The information from this study presented implications for future research and for practical use in the medical field. Considering the limited knowledge some women have with regard to symptom identification and the impact of this lack of knowledge in relation to the delay of medical treatment, it is important for healthcare providers to acknowledge this and provide specific cardiovascular patient education when they are in contact with their patients. The use of vignettes in this study adds to the literature by giving voice to how rural women think about heart attacks and their reasons and concerns around seeking treatment.

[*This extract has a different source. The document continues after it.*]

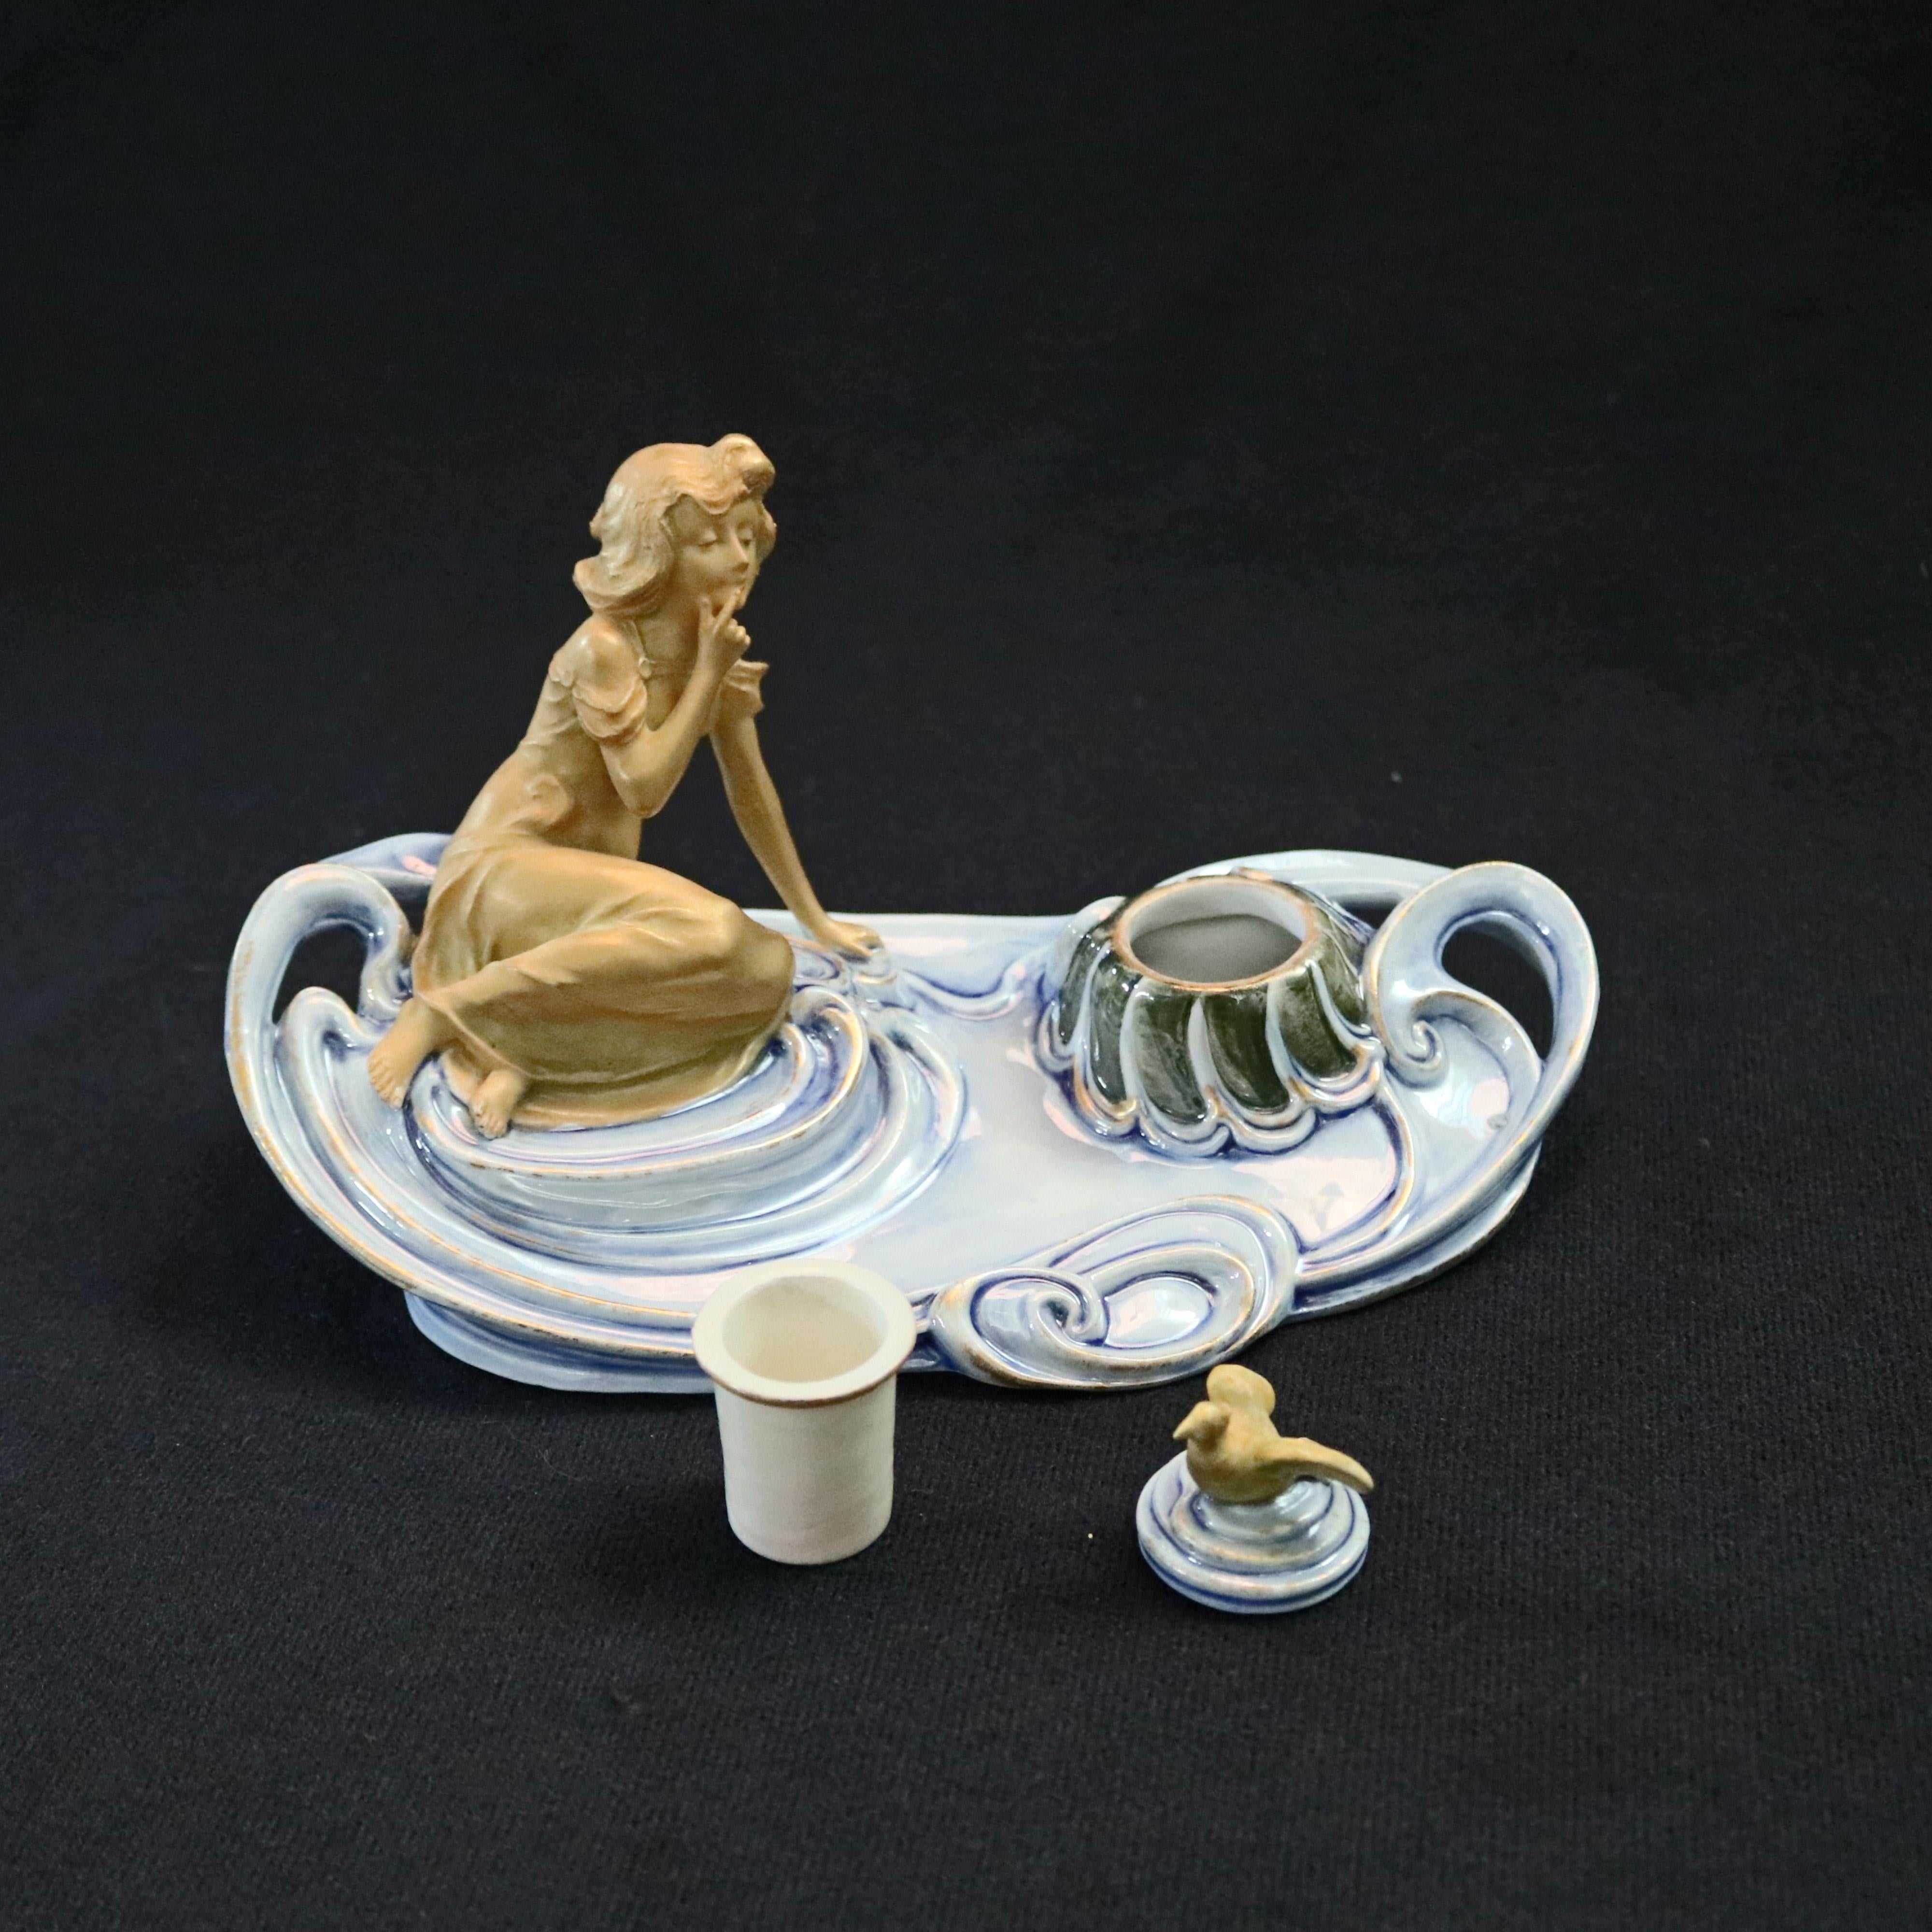 An antique Austrian Art Nouveau figural amphora porcelain inkwell offers grouping of young woman seated on water form tray with lidded inkwell having bird form finial, Turn Wein Crown Mark stamped on base, circa 1920

Measures - 4.5

The study provides an important addition when considering the unique experiences of rural women, and these findings should be useful when designing effective interventions to work with rural older population.
The authors not yet have a definitive picture outlining how rural residents identify, respond to, or maintain a heart-healthy lifestyle. The authors’ review of recent studies illuminates that this is a widespread issue, with concerns across a number of countries worldwide. The fact that the number of deaths due to coronary heart disease has decreased in recent years is encouraging. However, the greater likelihood that rural residents, including older rural women, continue to be at a disadvantage is of concern. It appears that access to health care is one piece of this puzzle. Lifestyle factors, such as smoking, obesity, lack of physical activity, and alcohol consumption, are also important contributors to an increased likelihood of heart disease. The authors believe that conversations with older rural women about their knowledge of symptoms and decisions in the face of heart attack symptoms serve as an initial exploration of another piece of the overall picture of heart disease among this population. The interviews provide evidence that older rural women do not make singular personal decisions about their own health; they make these decisions in the context of concern for others such a family members. This ‘ethic of care’37 can have both positive and negative effects on seeking treatment in a timely manner and, if confirmed in additional research, should become an integral part of education for this population in the future.
The authors would like to thank the women who gave their time and shared their stories.